[[ Material for this task open ]]

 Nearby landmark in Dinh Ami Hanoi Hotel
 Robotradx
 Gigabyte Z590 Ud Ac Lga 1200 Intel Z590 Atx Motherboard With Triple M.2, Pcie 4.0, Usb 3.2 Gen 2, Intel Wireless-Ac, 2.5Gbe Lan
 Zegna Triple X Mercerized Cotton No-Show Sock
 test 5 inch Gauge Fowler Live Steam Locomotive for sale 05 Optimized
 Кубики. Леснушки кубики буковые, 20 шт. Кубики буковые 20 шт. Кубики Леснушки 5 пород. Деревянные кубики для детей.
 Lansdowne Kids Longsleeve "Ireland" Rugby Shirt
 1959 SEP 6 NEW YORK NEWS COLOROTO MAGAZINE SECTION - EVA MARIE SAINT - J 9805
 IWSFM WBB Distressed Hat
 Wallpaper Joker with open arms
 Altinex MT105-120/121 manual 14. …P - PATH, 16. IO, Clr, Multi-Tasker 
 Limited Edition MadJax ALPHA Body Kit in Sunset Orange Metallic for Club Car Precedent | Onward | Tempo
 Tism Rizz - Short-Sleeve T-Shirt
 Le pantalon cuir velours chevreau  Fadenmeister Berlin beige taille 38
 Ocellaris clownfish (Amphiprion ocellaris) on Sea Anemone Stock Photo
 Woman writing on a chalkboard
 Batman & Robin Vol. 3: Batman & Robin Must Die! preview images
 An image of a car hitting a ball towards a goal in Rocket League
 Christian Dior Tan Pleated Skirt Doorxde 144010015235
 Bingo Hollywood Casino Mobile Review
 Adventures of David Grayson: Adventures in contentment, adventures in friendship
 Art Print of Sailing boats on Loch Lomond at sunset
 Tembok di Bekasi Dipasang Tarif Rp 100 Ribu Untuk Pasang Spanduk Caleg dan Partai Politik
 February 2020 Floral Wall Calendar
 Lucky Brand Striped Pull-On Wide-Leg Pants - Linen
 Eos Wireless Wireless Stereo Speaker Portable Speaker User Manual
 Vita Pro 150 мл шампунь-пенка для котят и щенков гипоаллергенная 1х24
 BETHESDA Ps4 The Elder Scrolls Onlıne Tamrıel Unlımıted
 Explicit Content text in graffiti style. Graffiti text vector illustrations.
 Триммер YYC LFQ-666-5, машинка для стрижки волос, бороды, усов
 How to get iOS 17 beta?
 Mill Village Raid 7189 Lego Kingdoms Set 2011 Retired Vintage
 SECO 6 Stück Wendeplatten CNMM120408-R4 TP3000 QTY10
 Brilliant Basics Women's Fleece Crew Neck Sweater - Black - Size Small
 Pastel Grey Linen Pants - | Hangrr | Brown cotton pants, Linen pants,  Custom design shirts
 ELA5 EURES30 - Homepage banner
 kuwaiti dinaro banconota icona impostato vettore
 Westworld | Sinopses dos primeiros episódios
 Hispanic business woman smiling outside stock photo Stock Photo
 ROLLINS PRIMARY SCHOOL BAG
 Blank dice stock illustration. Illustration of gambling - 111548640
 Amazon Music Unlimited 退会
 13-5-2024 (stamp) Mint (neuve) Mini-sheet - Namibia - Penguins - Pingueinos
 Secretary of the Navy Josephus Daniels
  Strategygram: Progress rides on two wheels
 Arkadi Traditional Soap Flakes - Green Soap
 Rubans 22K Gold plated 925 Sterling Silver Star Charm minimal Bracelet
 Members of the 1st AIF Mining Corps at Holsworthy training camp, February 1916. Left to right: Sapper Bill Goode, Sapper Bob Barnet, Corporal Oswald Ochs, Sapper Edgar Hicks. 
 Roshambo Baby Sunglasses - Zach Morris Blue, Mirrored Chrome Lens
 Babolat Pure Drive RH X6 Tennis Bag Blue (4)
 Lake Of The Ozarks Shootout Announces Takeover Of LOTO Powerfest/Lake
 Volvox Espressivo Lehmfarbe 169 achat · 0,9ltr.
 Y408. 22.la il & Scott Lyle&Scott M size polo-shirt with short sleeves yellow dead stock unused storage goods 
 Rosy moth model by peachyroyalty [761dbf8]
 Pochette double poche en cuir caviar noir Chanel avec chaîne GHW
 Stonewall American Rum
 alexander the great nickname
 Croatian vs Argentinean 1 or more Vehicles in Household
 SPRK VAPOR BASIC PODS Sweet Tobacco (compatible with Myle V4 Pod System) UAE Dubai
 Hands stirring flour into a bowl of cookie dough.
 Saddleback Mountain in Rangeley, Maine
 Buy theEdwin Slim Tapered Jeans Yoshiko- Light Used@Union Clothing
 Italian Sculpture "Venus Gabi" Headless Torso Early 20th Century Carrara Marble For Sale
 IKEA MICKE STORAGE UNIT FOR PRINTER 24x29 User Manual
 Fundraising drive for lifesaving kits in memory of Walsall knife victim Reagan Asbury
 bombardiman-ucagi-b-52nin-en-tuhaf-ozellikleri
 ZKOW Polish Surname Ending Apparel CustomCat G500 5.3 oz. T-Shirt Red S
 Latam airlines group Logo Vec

[[ Material for this task closed ]]

● **About this task**:
Copy out every line of the listing that contains the string "Blue".

● **Written solution**:
 Roshambo Baby Sunglasses - Zach Morris Blue, Mirrored Chrome Lens
 Babolat Pure Drive RH X6 Tennis Bag Blue (4)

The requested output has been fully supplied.